Transcribe the entries below exactly, starting with the line that has "Crapauds et grenouilles!!(Ajoute" and stopping after the line that has "電子エレクトロスペーススワール(3...の未再生の波形"; no pictures belong in the copy.

**RECORD EXCERPTS**:

◇ ◇ ◇ ◇ ◇ ◇ ◇

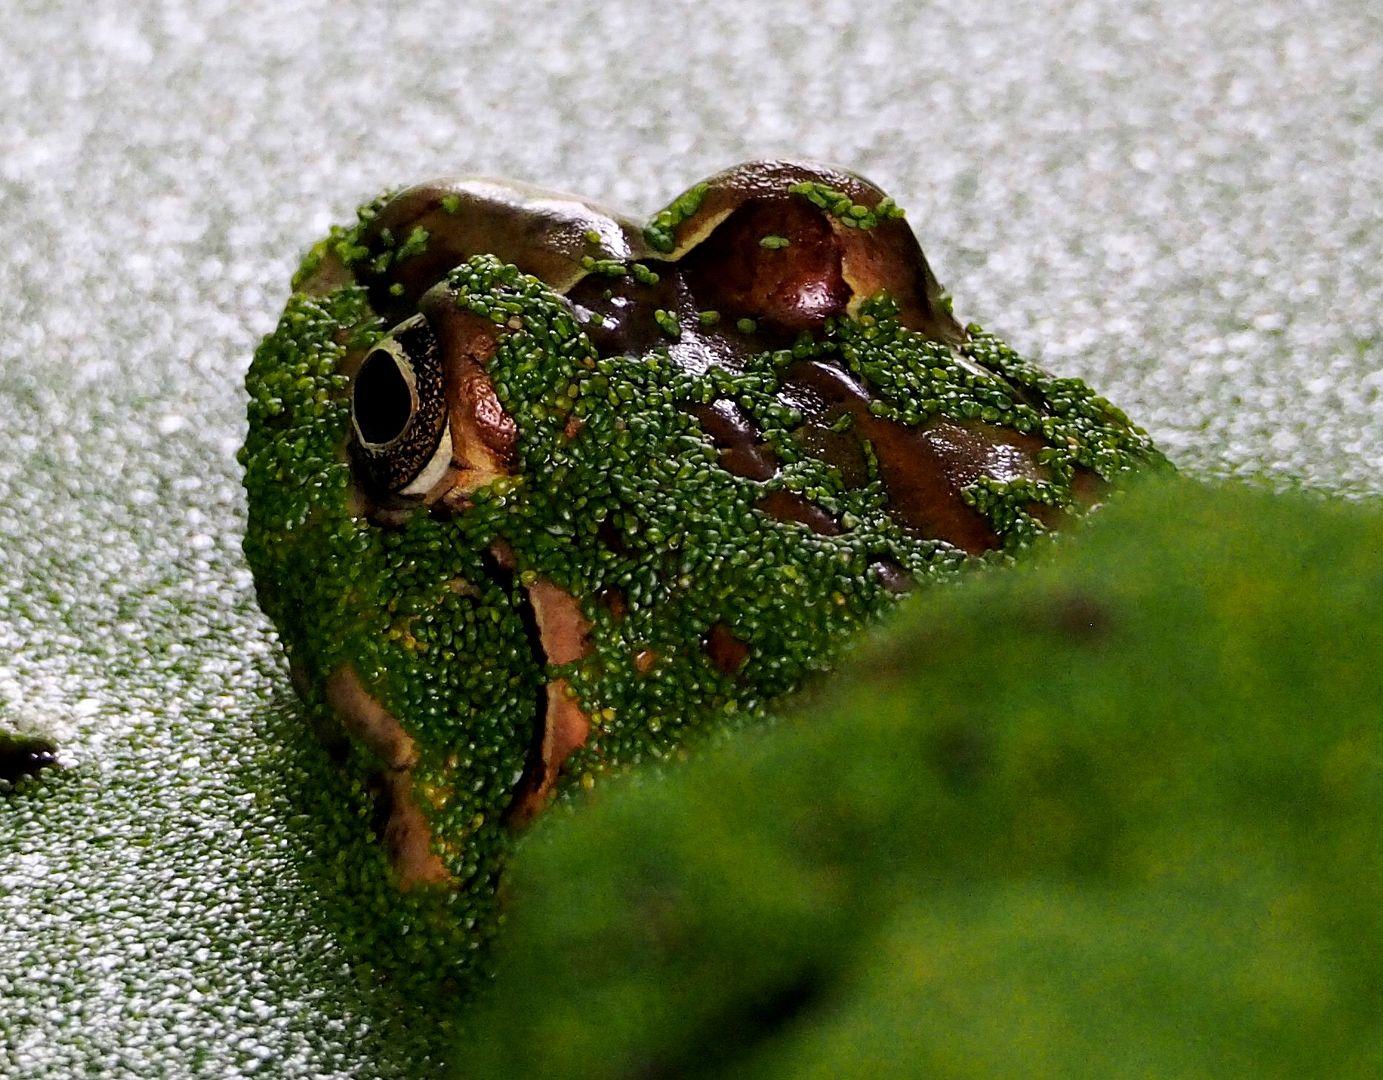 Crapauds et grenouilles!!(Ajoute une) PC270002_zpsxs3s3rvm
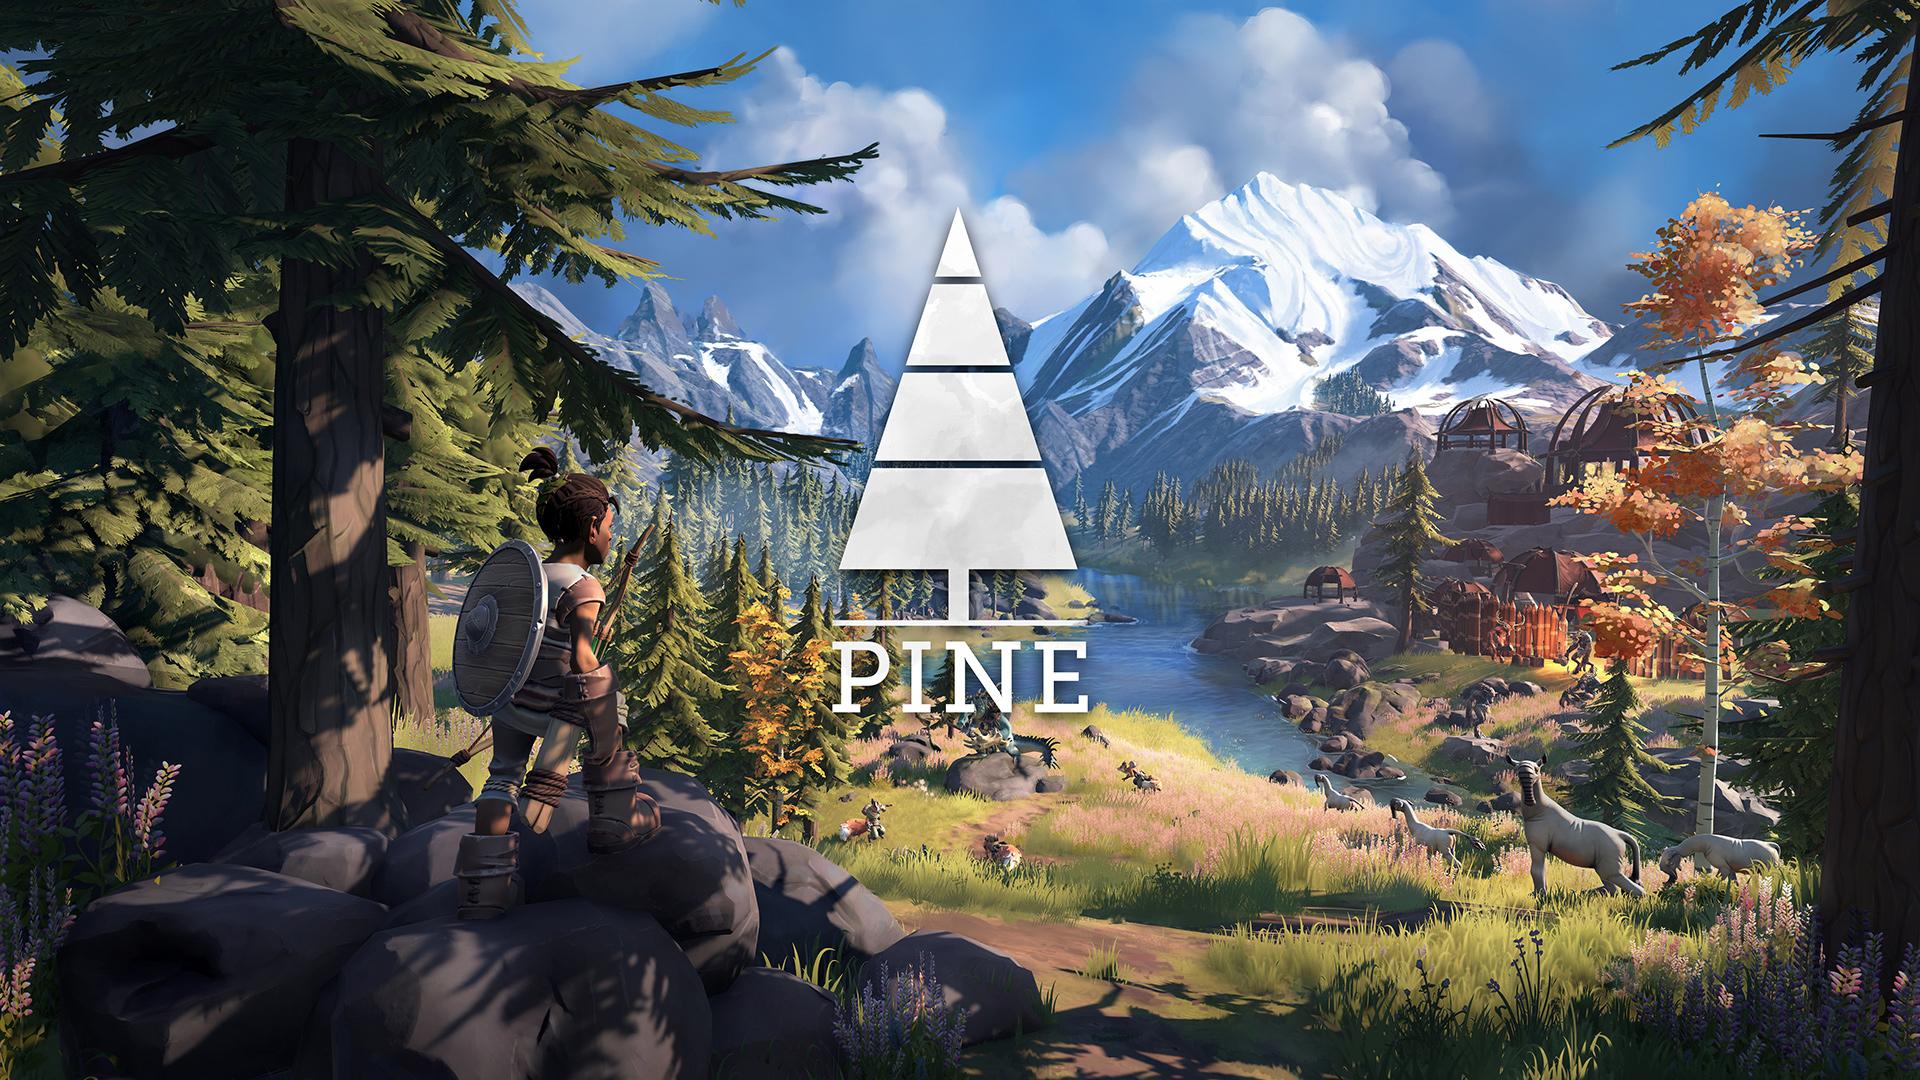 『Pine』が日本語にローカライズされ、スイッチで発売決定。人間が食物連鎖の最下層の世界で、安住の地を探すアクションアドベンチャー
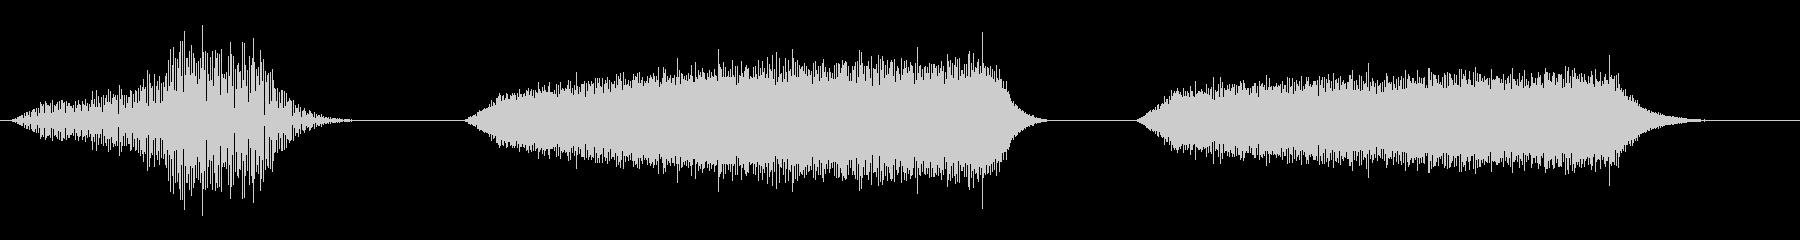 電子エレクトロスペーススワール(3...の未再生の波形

◇ ◇ ◇ ◇ ◇ ◇ ◇

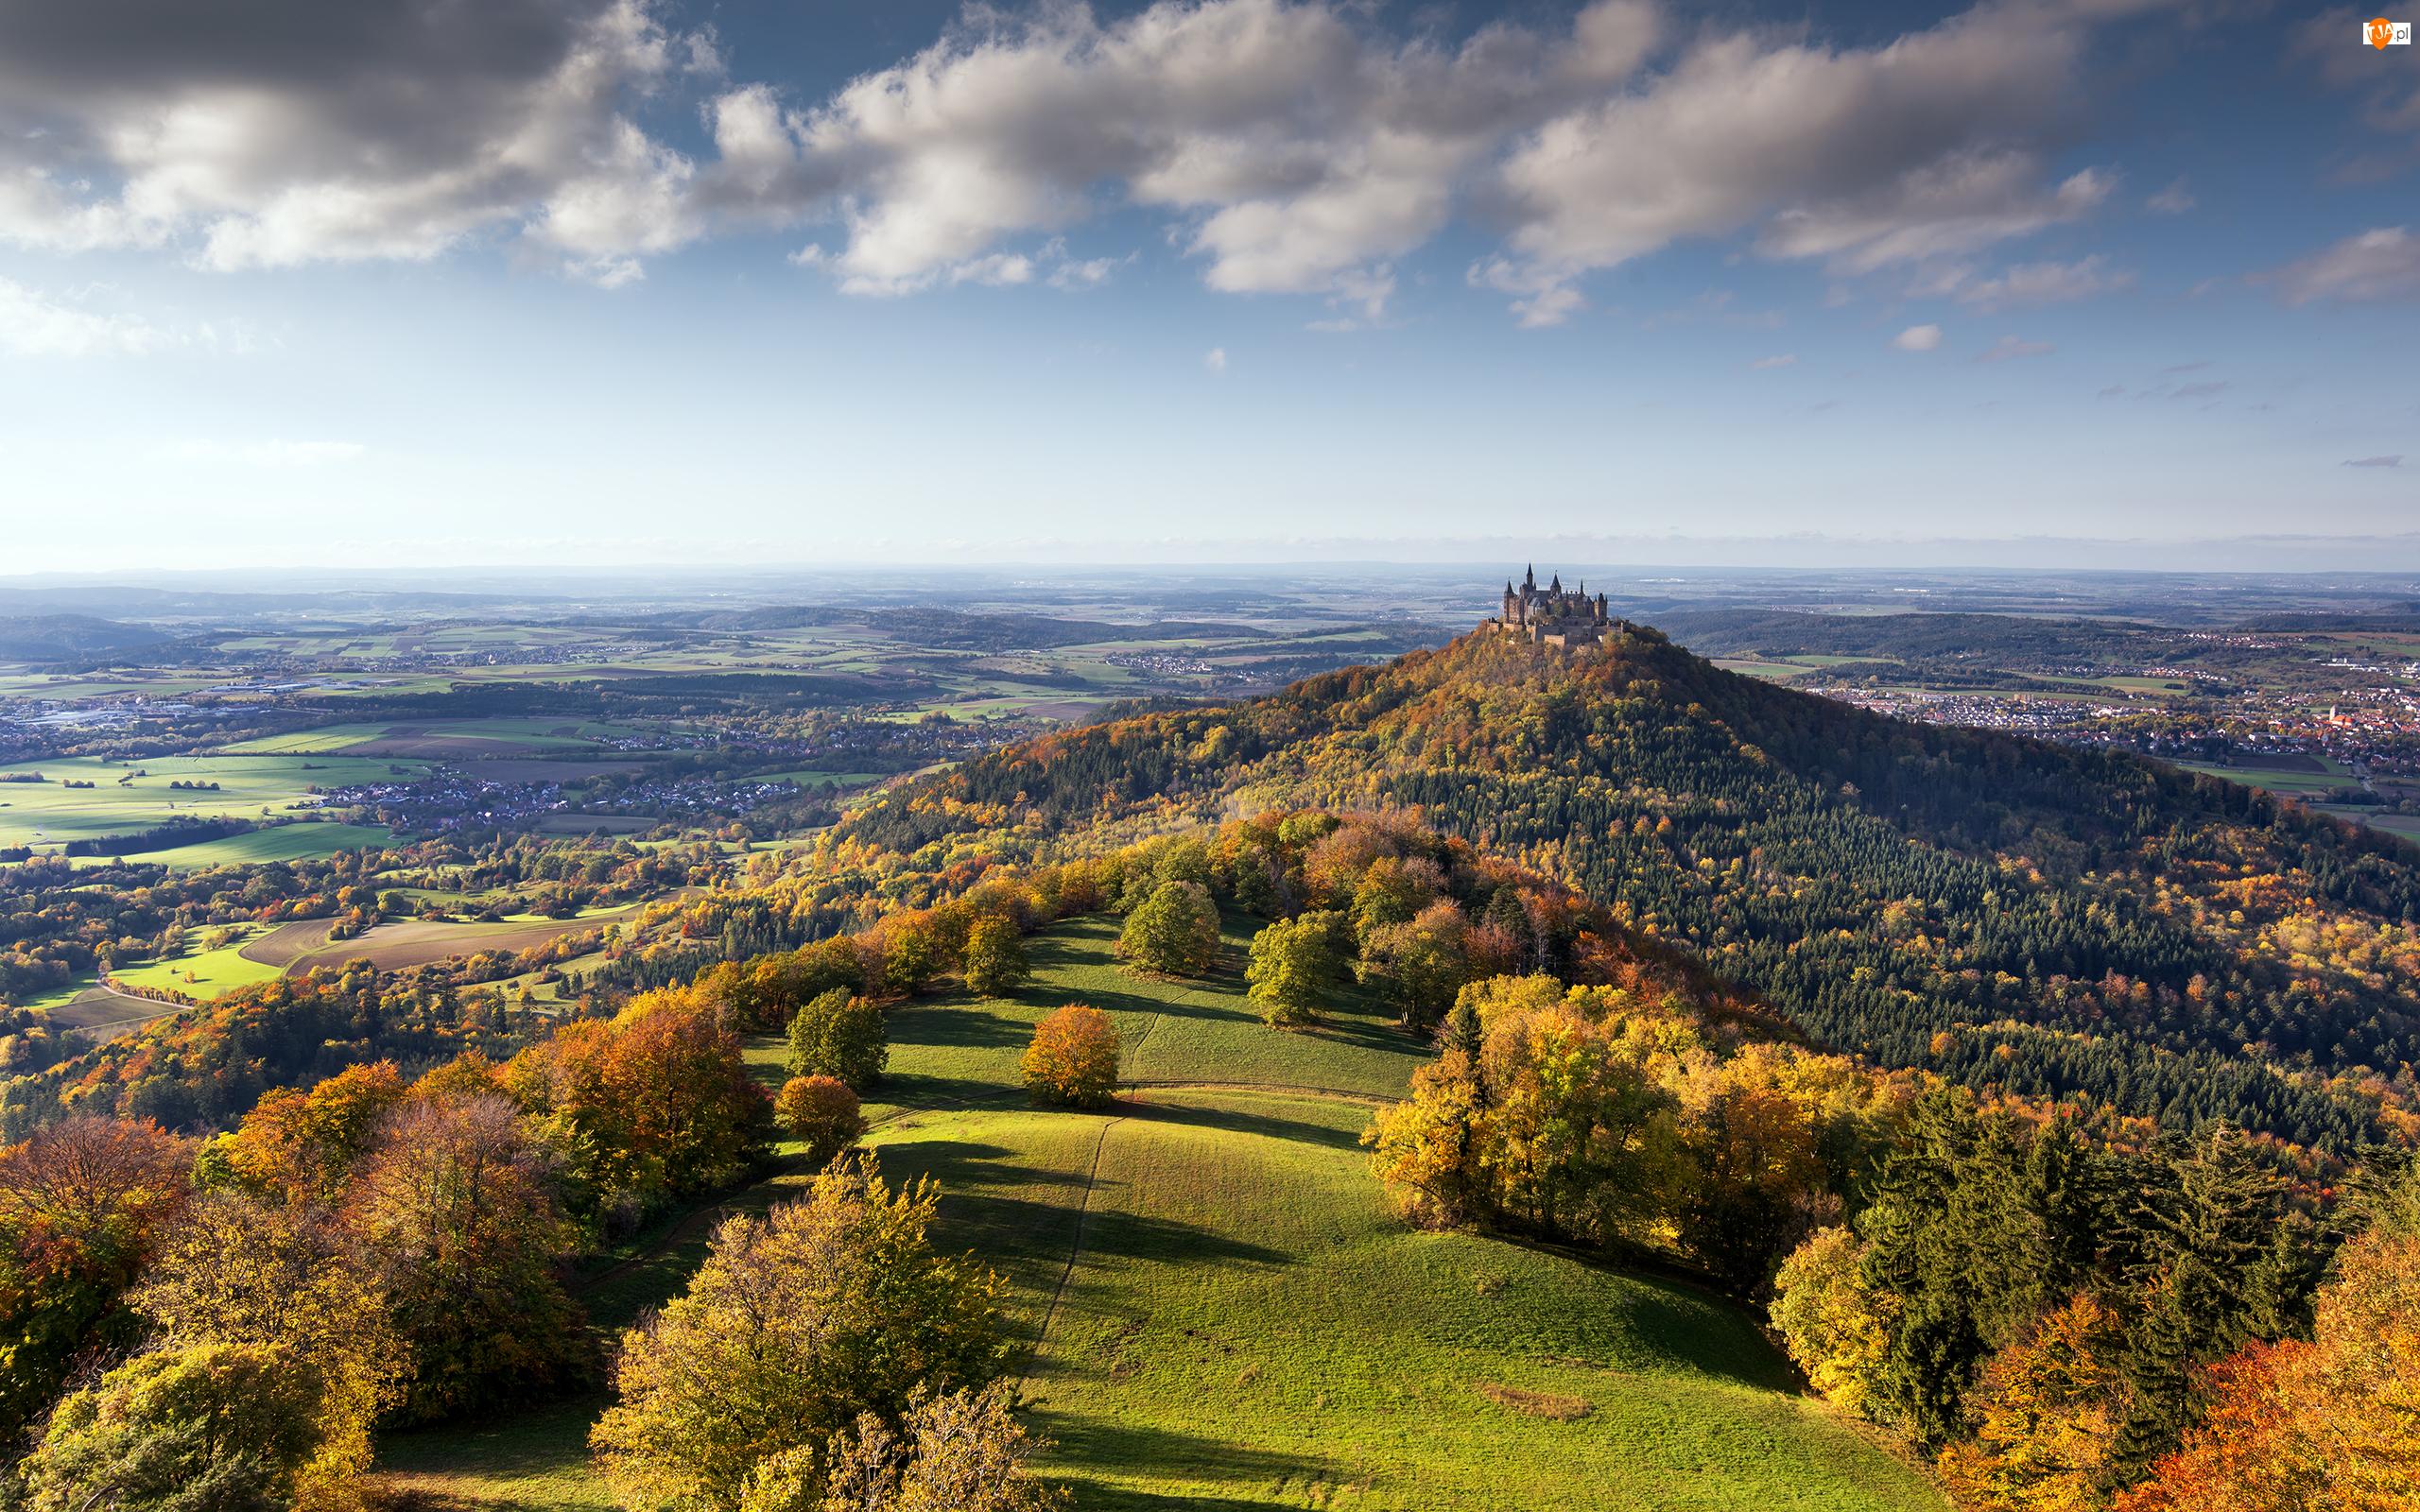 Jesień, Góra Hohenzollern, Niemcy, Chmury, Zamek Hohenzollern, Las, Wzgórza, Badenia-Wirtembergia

◇ ◇ ◇ ◇ ◇ ◇ ◇

**WRITTEN RESPONSE**:
 Crapauds et grenouilles!!(Ajoute une) PC270002_zpsxs3s3rvm
 『Pine』が日本語にローカライズされ、スイッチで発売決定。人間が食物連鎖の最下層の世界で、安住の地を探すアクションアドベンチャー
 電子エレクトロスペーススワール(3...の未再生の波形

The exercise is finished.